:: SOURCE MATERIAL ::
====

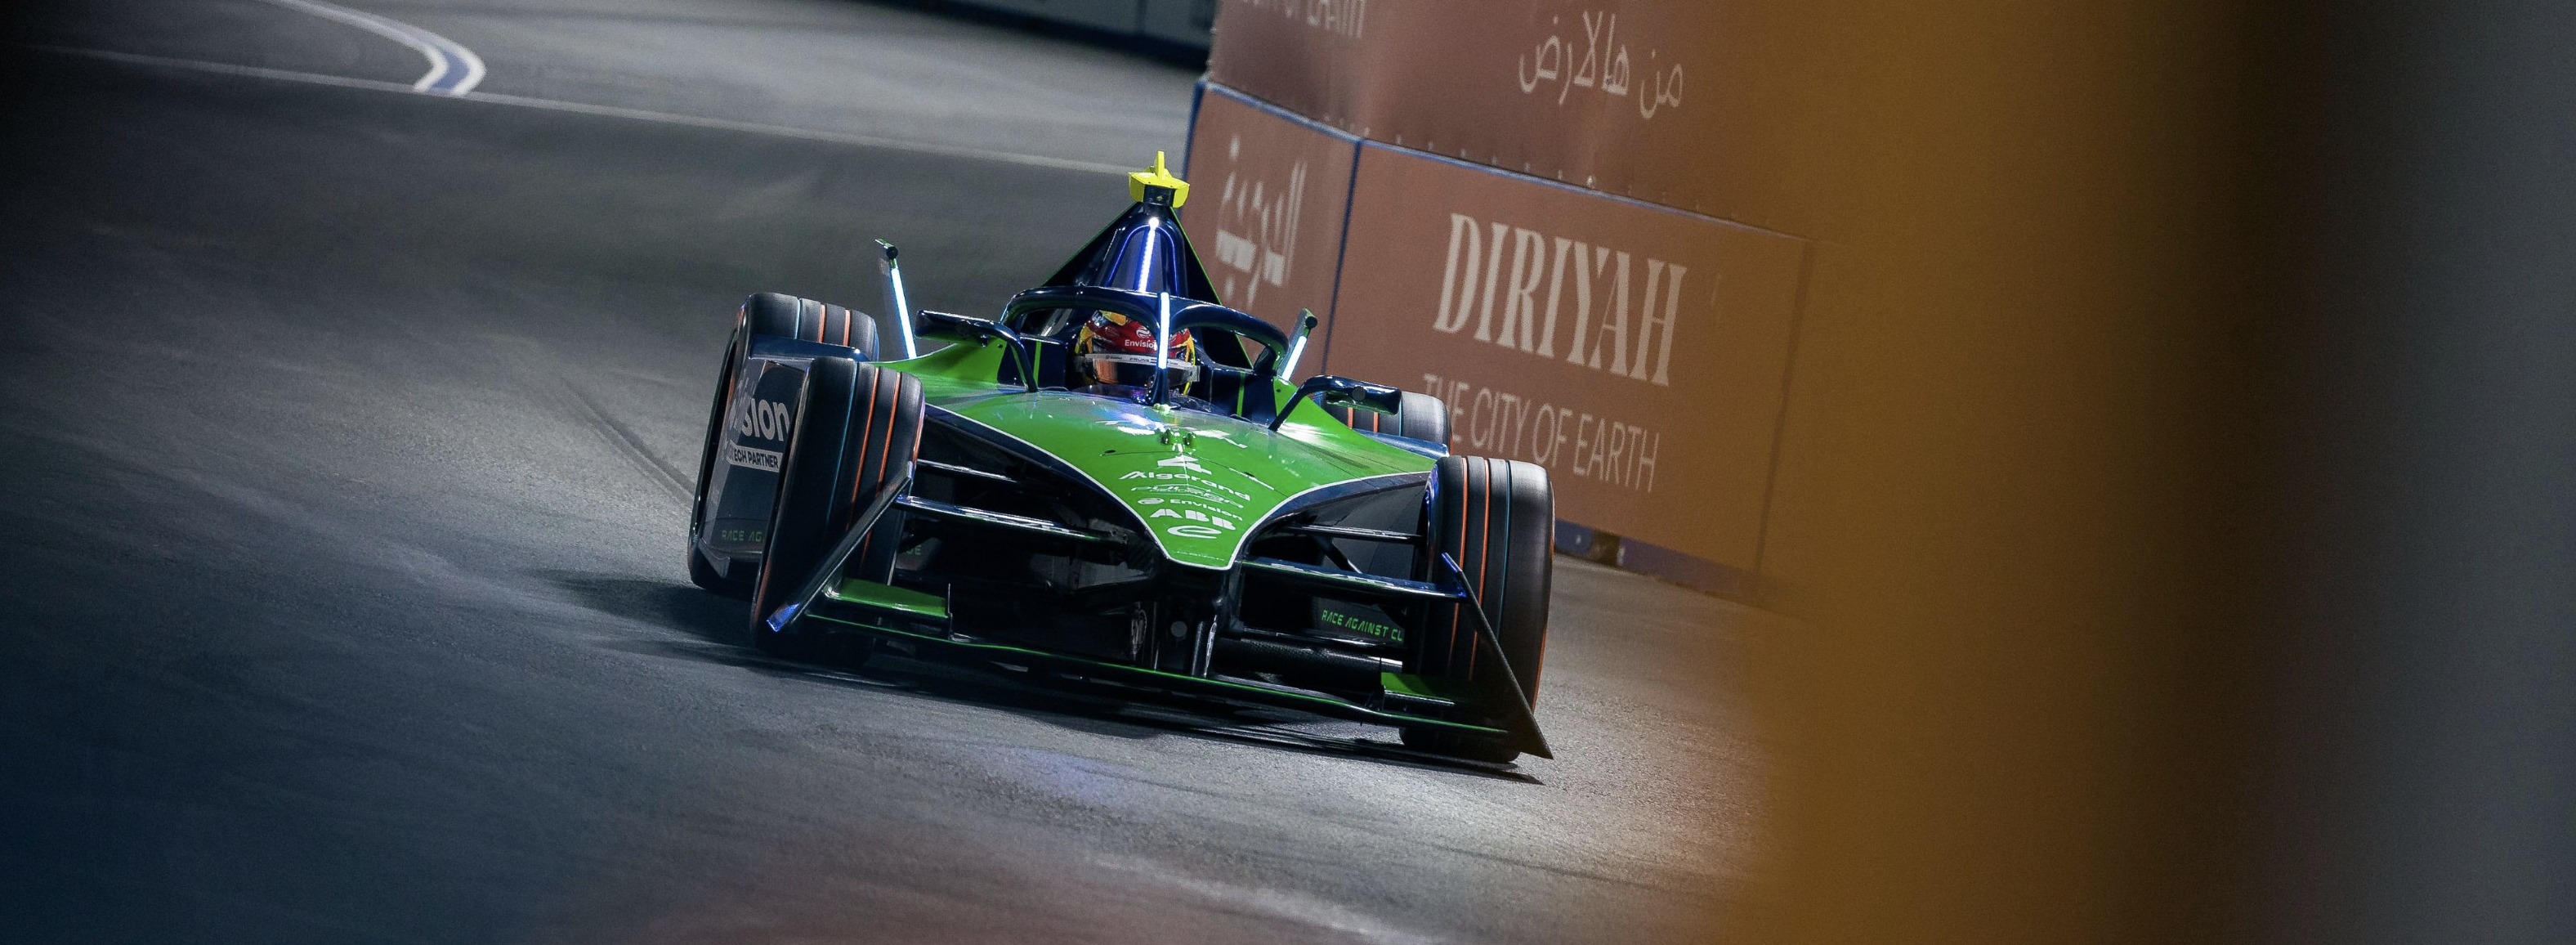 Envision Racing and Frijns bag point on the final lap in Saudi Arabia
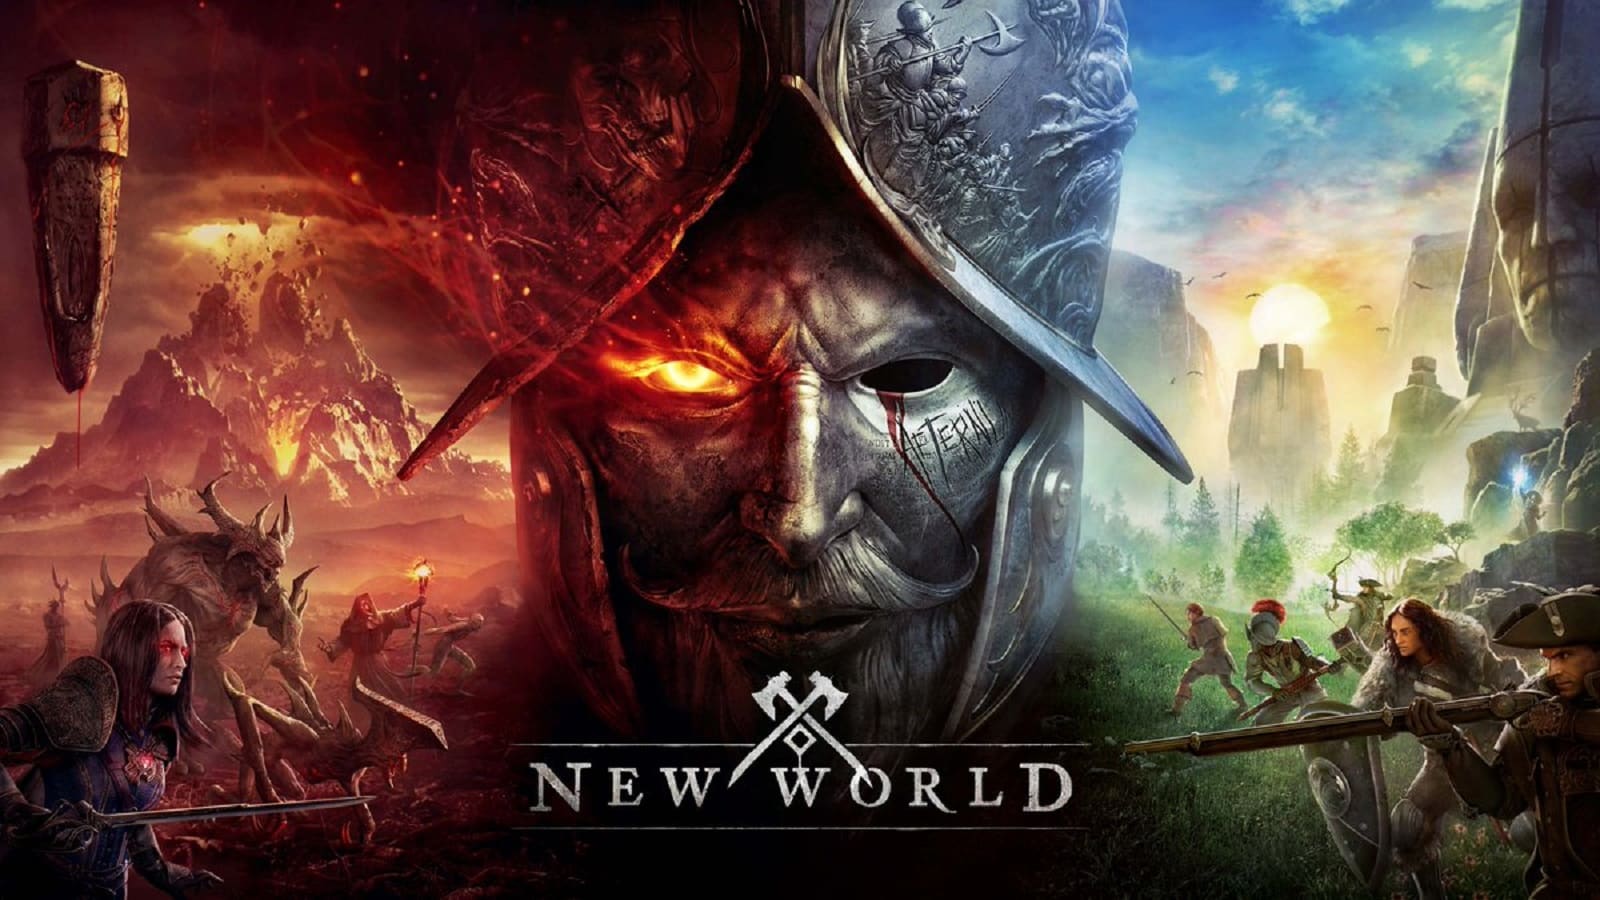 New World promotional image showing a battlefield
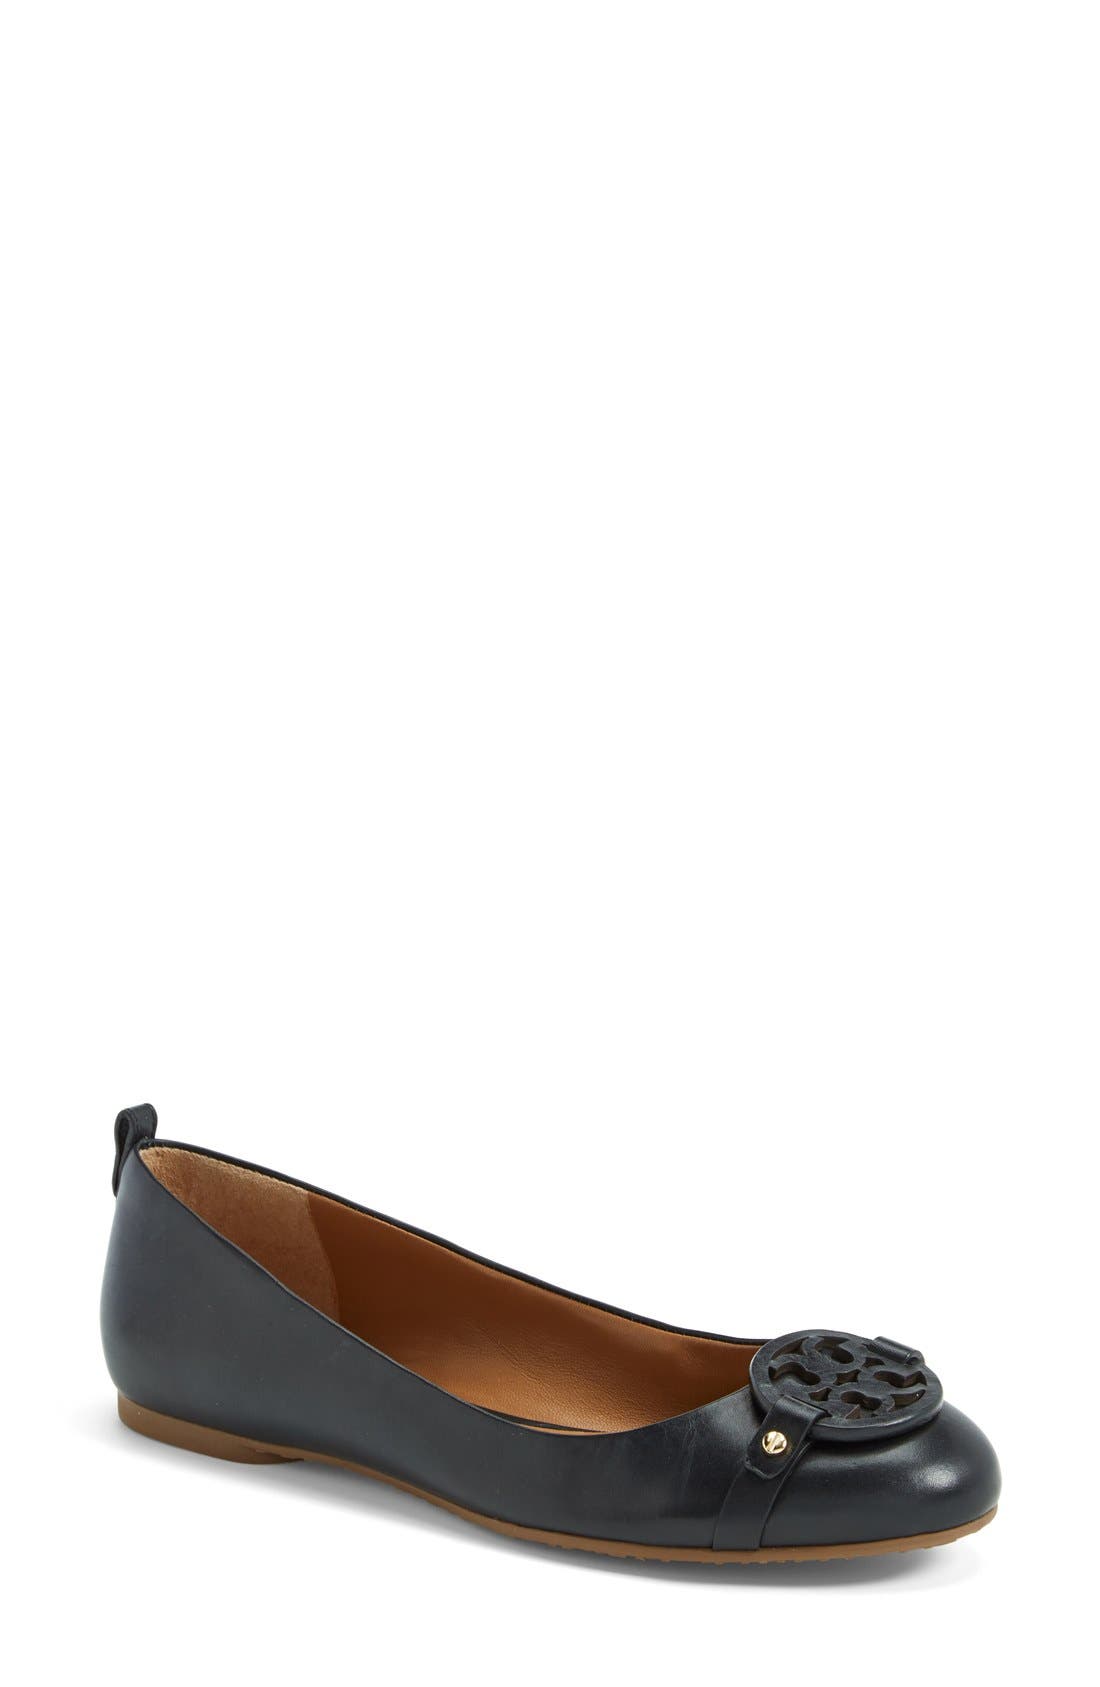 tory burch leather flats
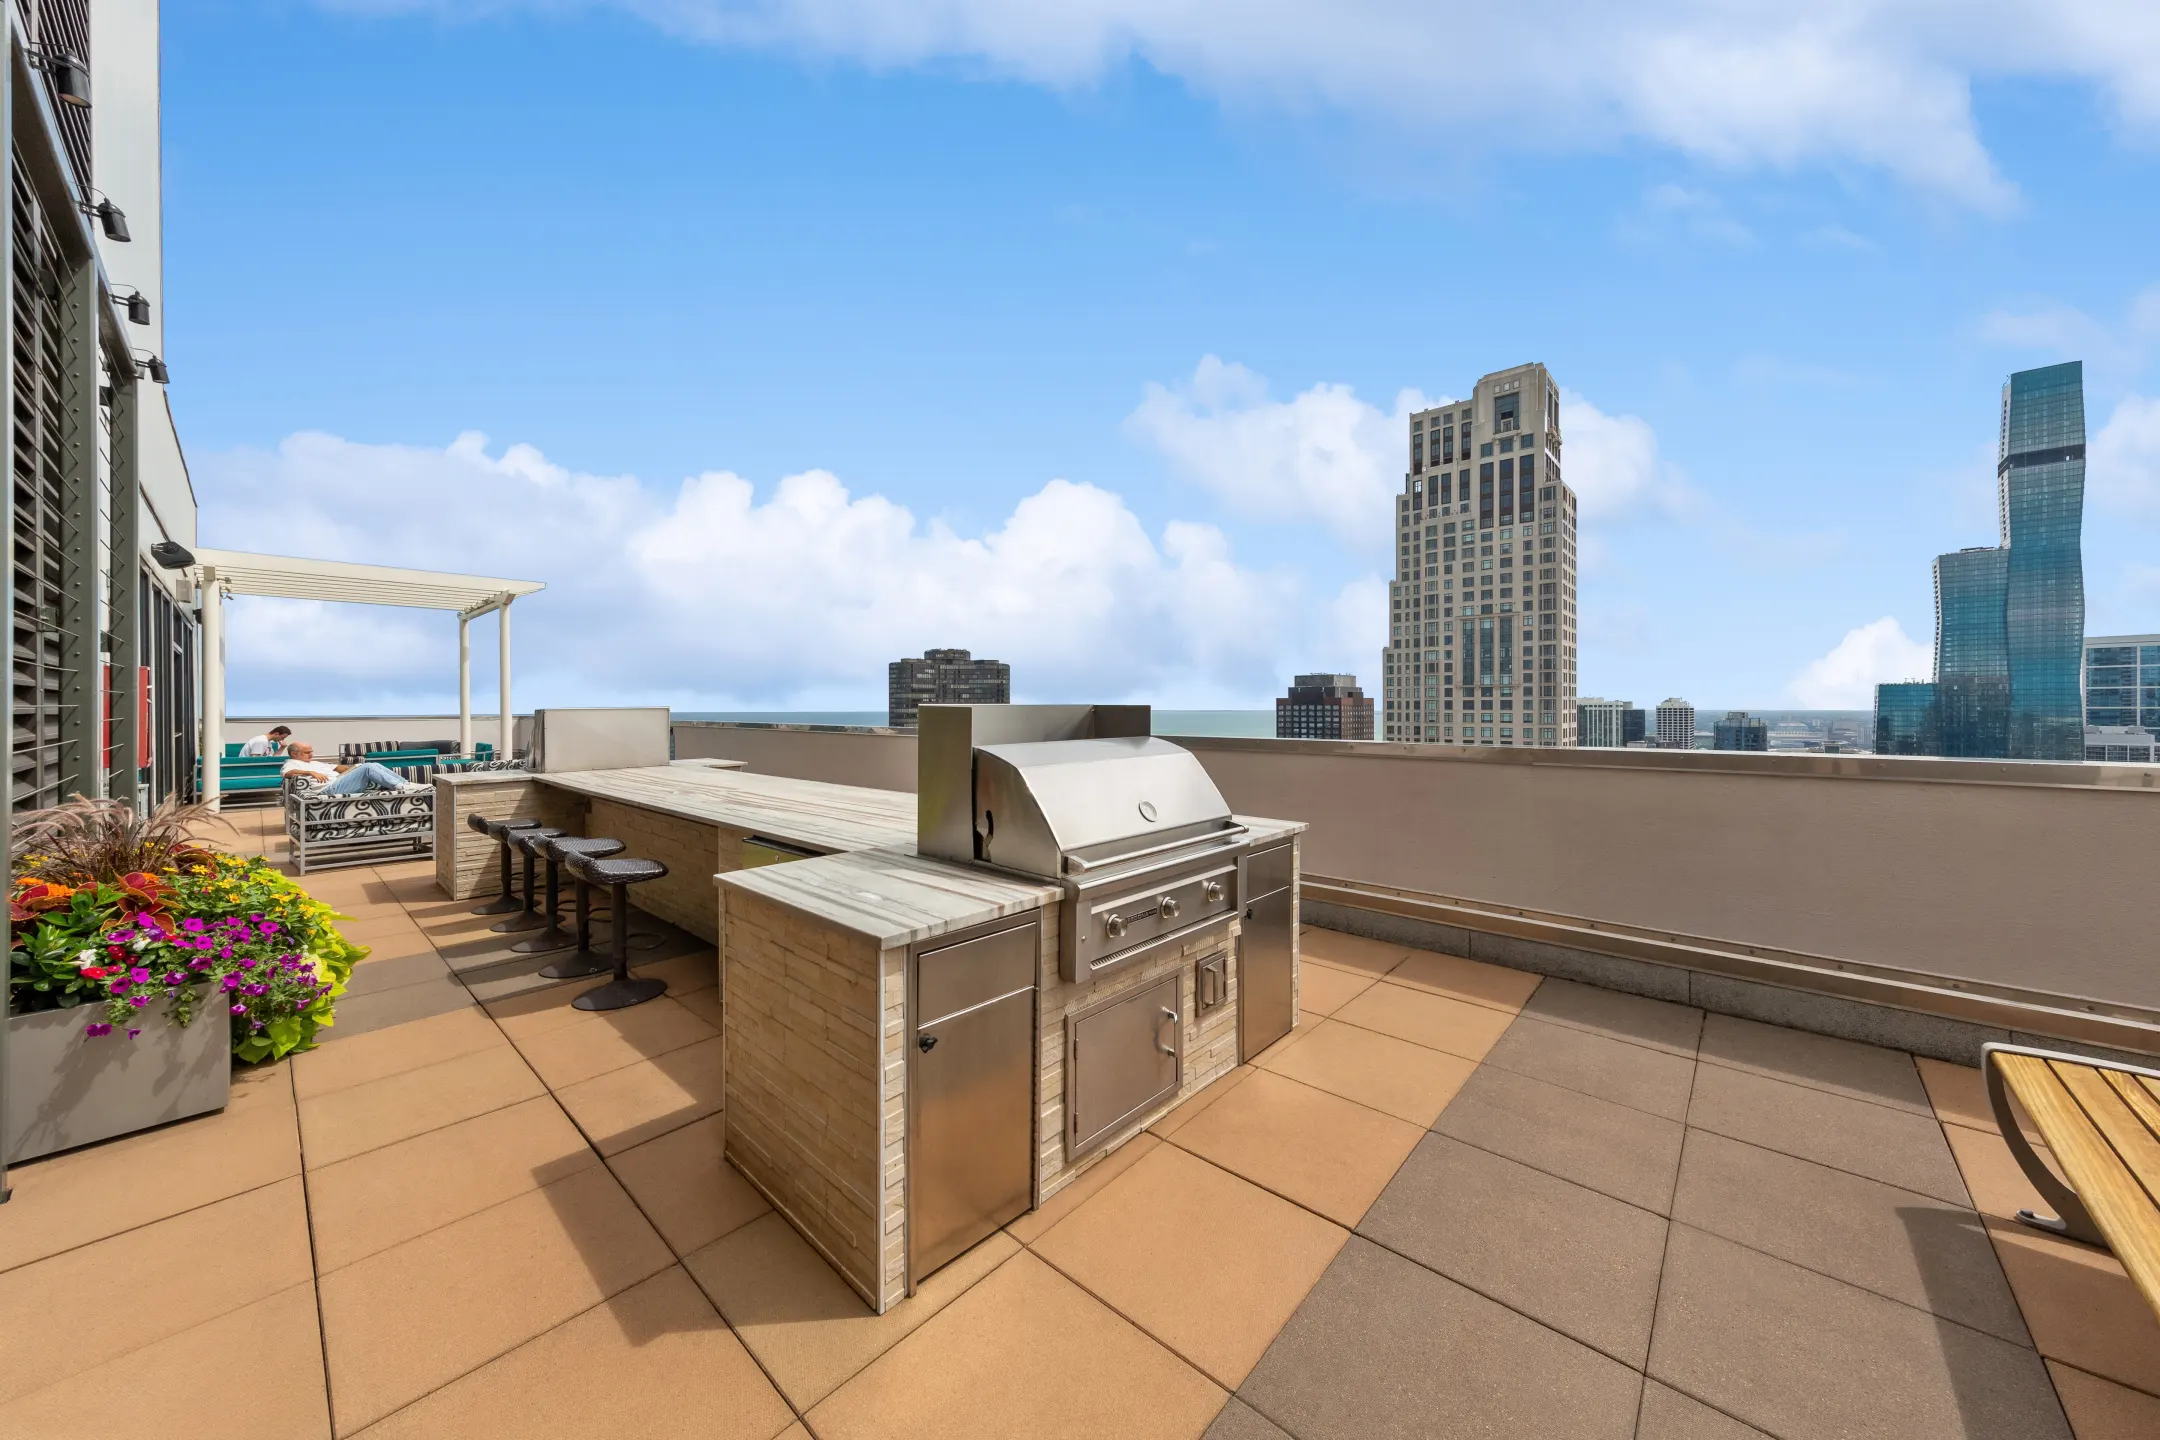 Patio / Deck - Axis Apartments and Lofts - Chicago, IL

====

:: WHAT THIS TASK INVOLVES ::
Copy out the lines above unchanged. Skip the images.

:: ANSWER BOX ::
 Envision Racing and Frijns bag point on the final lap in Saudi Arabia
 New World promotional image showing a battlefield
 tory burch leather flats
 Patio / Deck - Axis Apartments and Lofts - Chicago, IL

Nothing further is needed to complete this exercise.